All of the listing below must be repeated word for word. Pictures are the only thing to omit.

(PROVIDED MATERIAL):
----------------
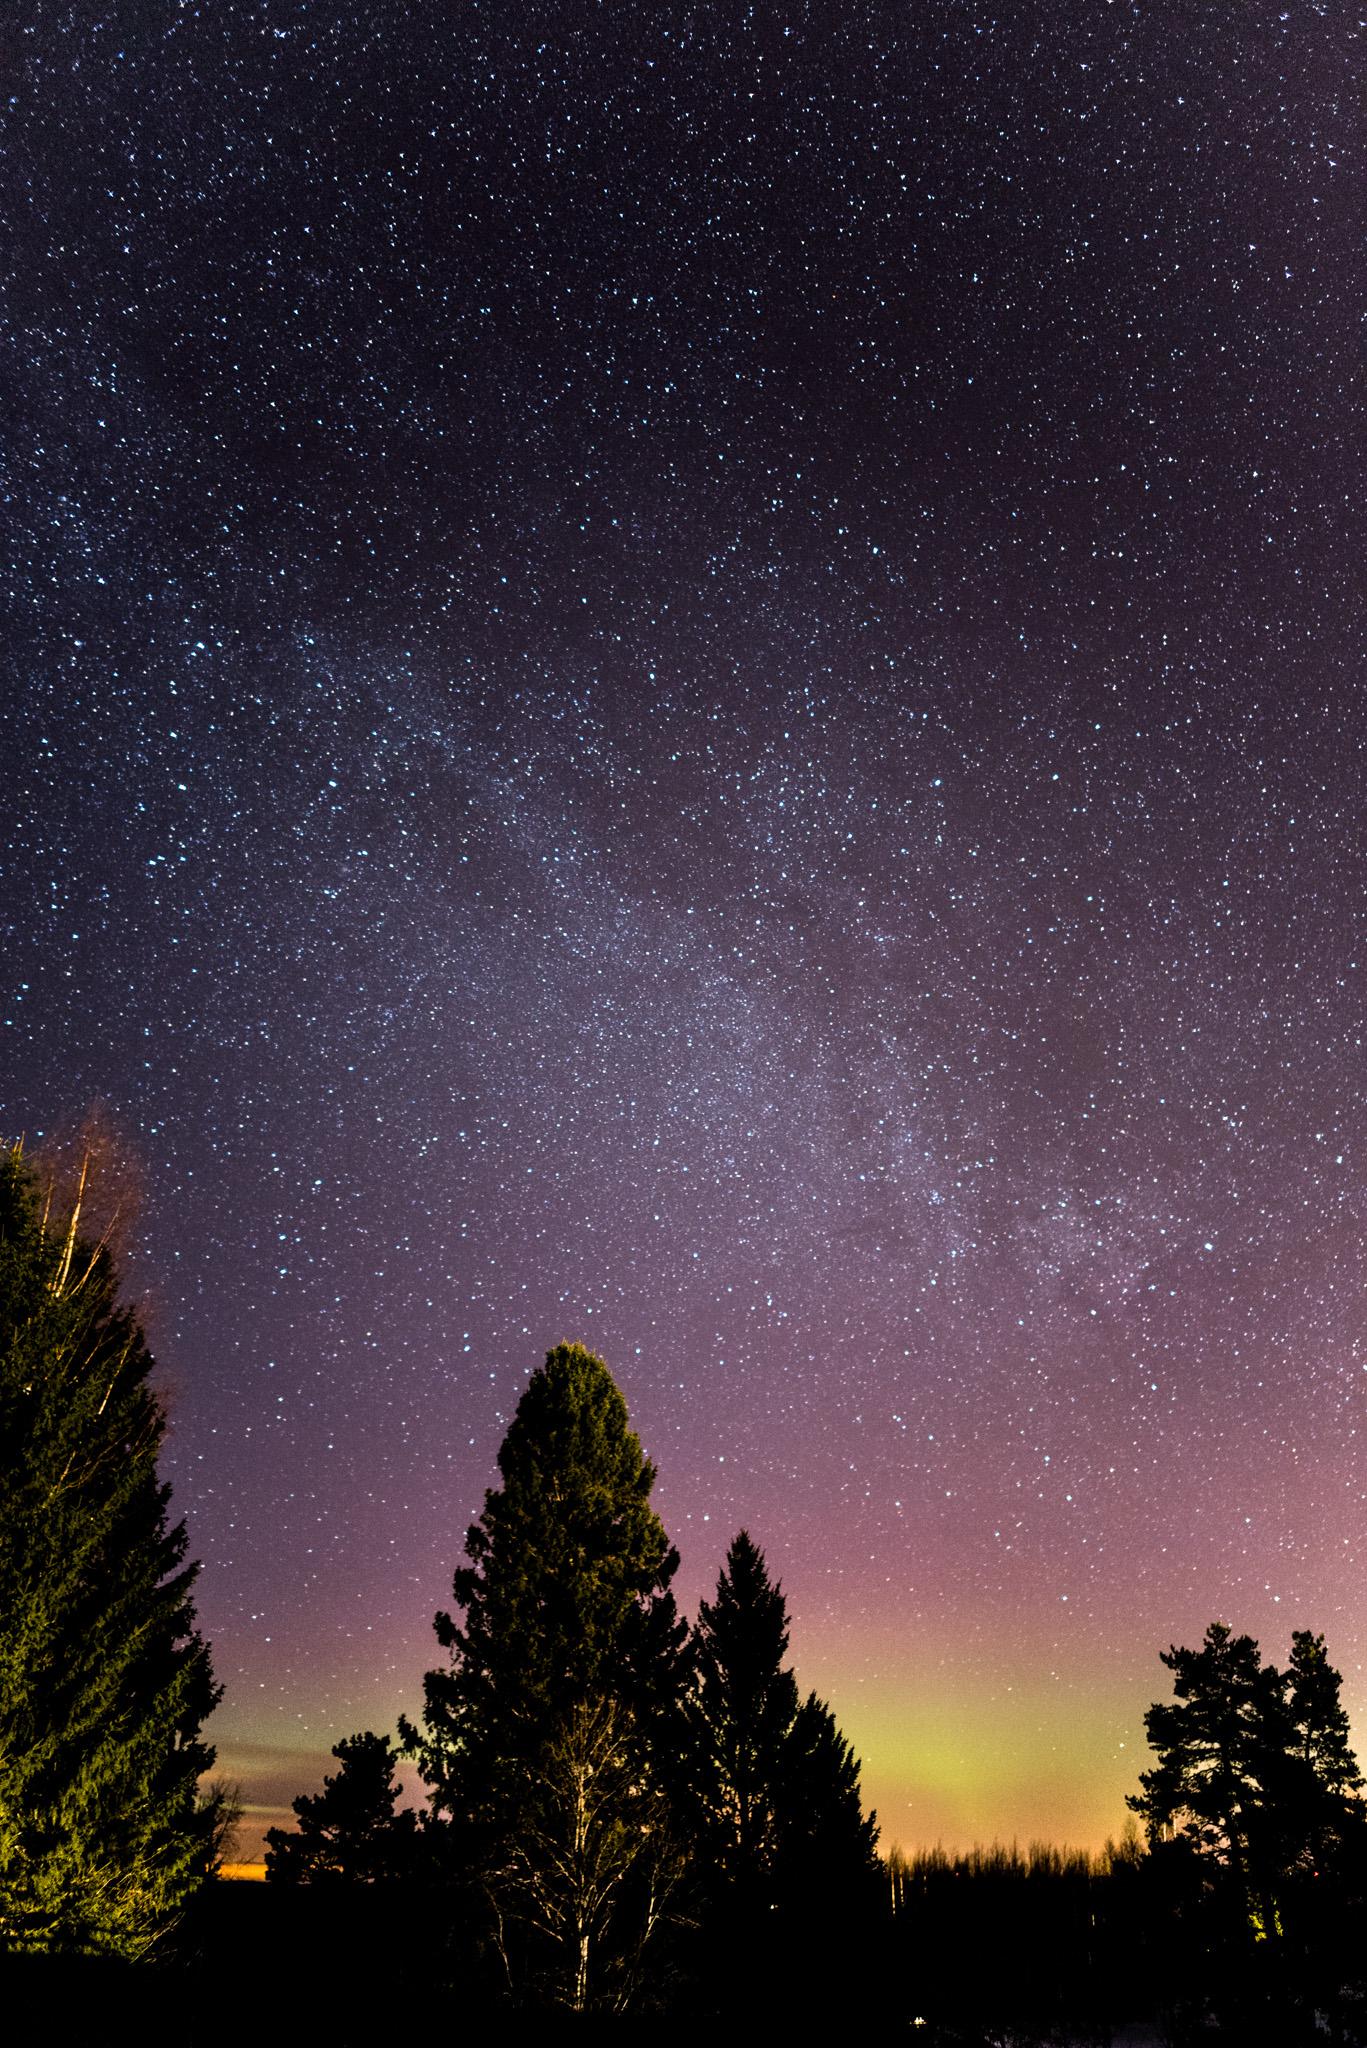 2017-03-20-Milky Way-24_LR edited_web-2.jpg
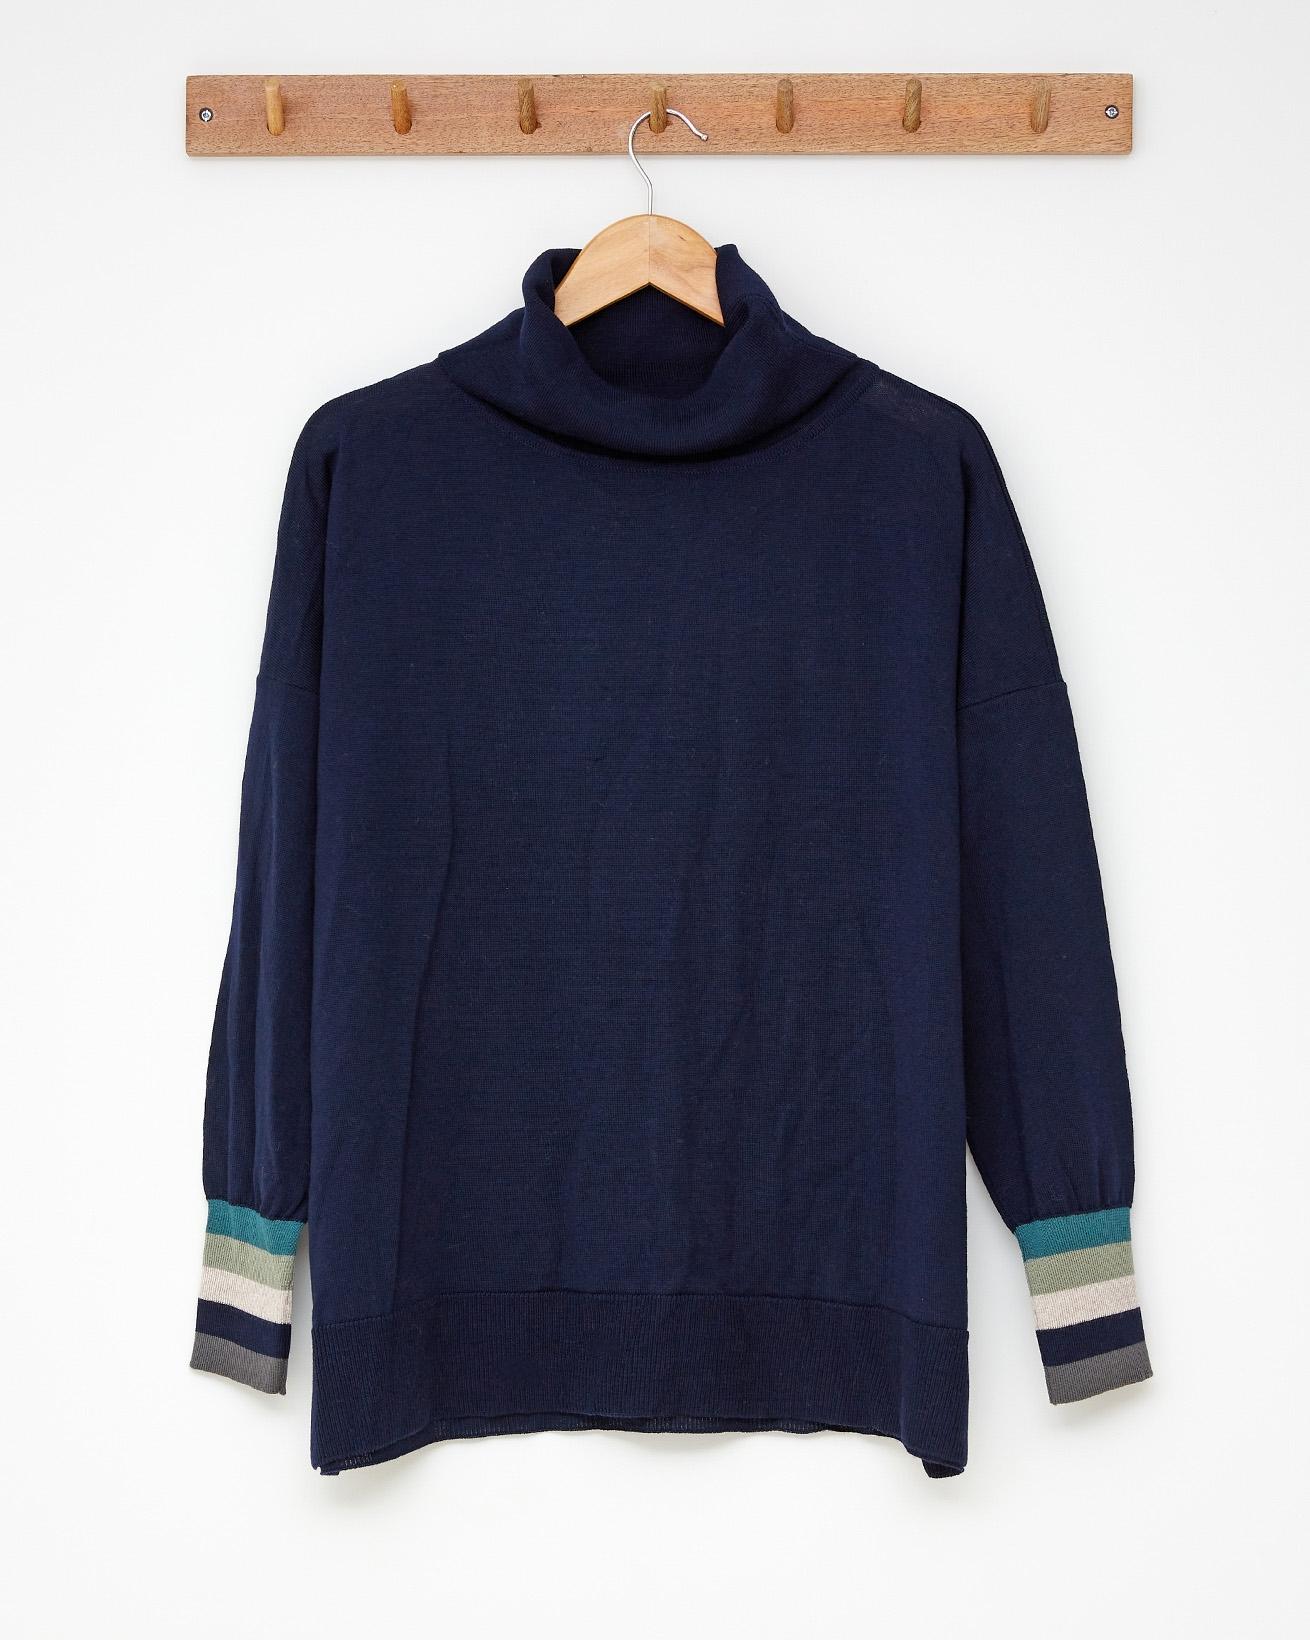 Slouchy fine knit roll neck - Size Small - Dark navy, multi - 2517
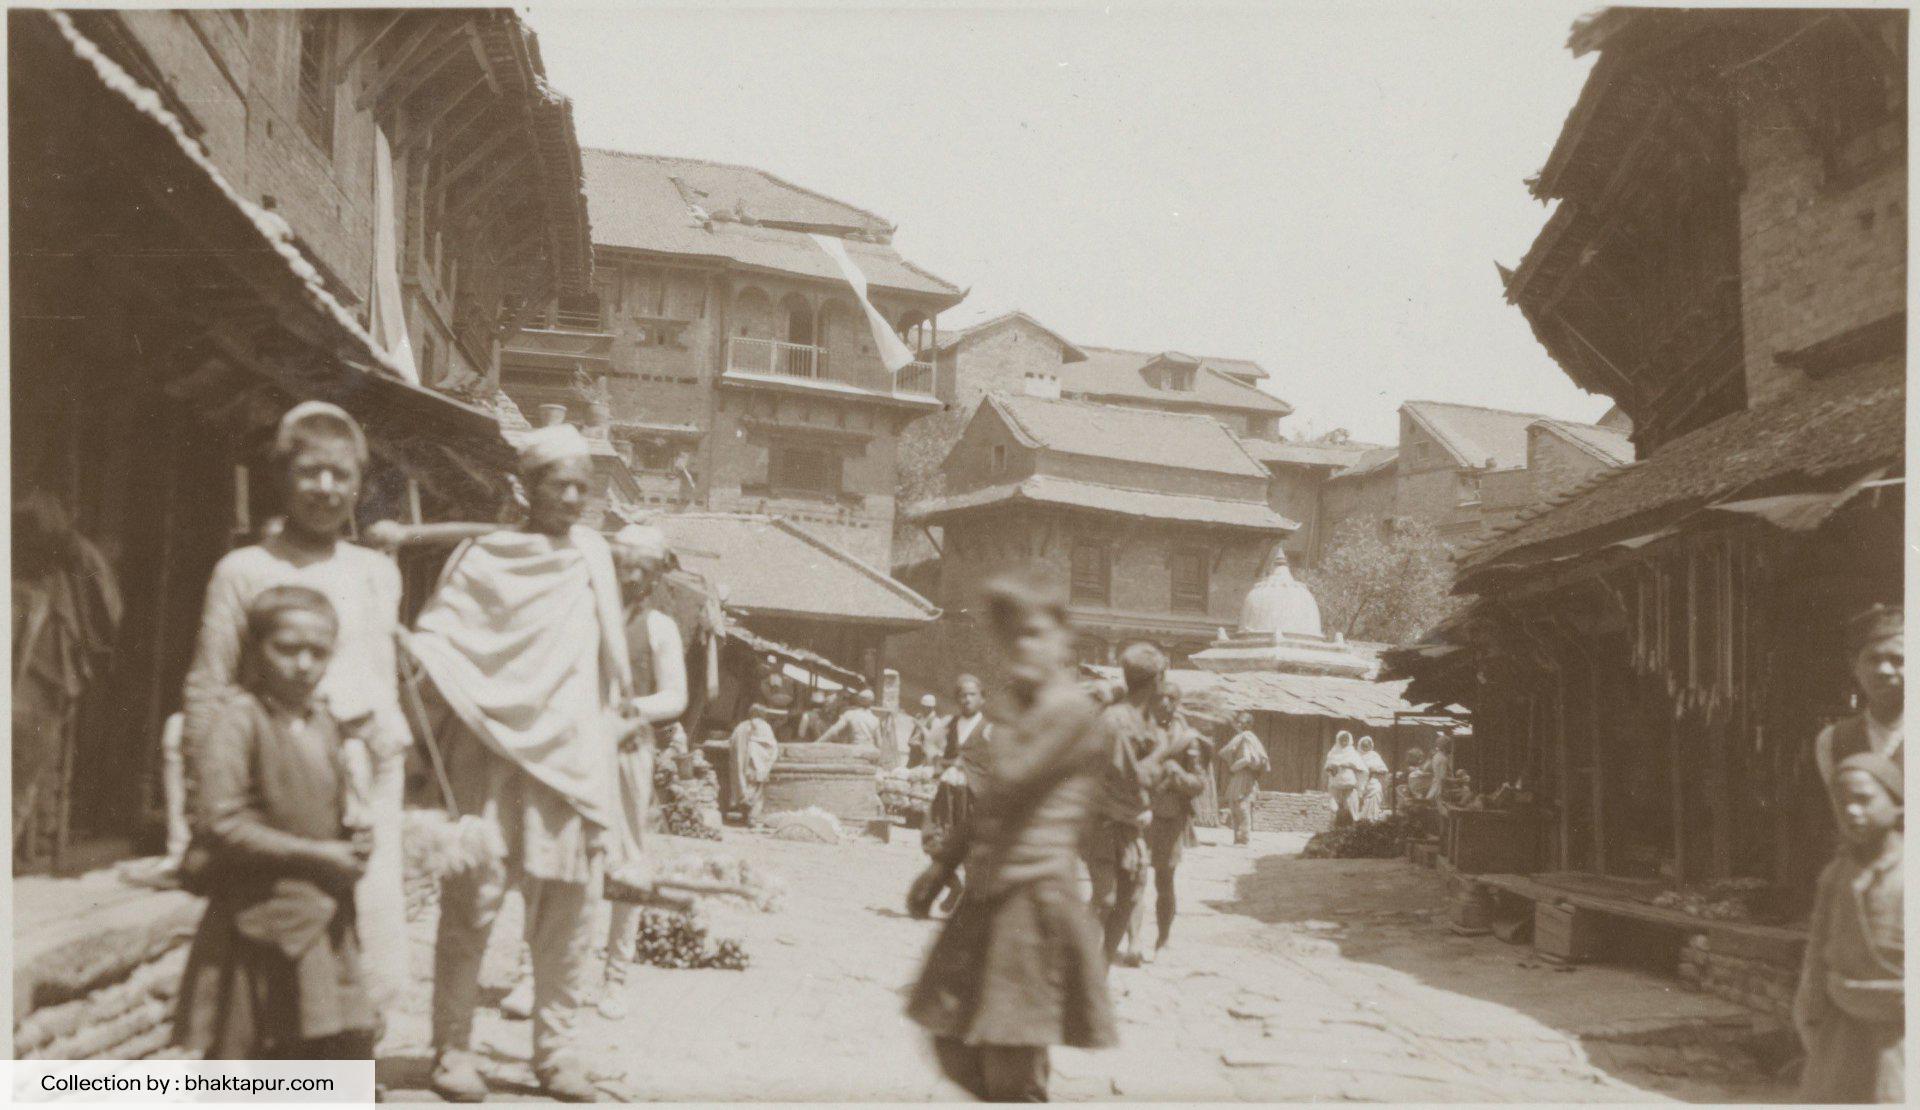 https://www.bhaktapur.com/wp-content/uploads/2021/01/sukuldhokaa.jpg
----------------
(ANSWER TO THIS PROBLEM):
 2017-03-20-Milky Way-24_LR edited_web-2.jpg
 Slouchy fine knit roll neck - Size Small - Dark navy, multi - 2517
 https://www.bhaktapur.com/wp-content/uploads/2021/01/sukuldhokaa.jpg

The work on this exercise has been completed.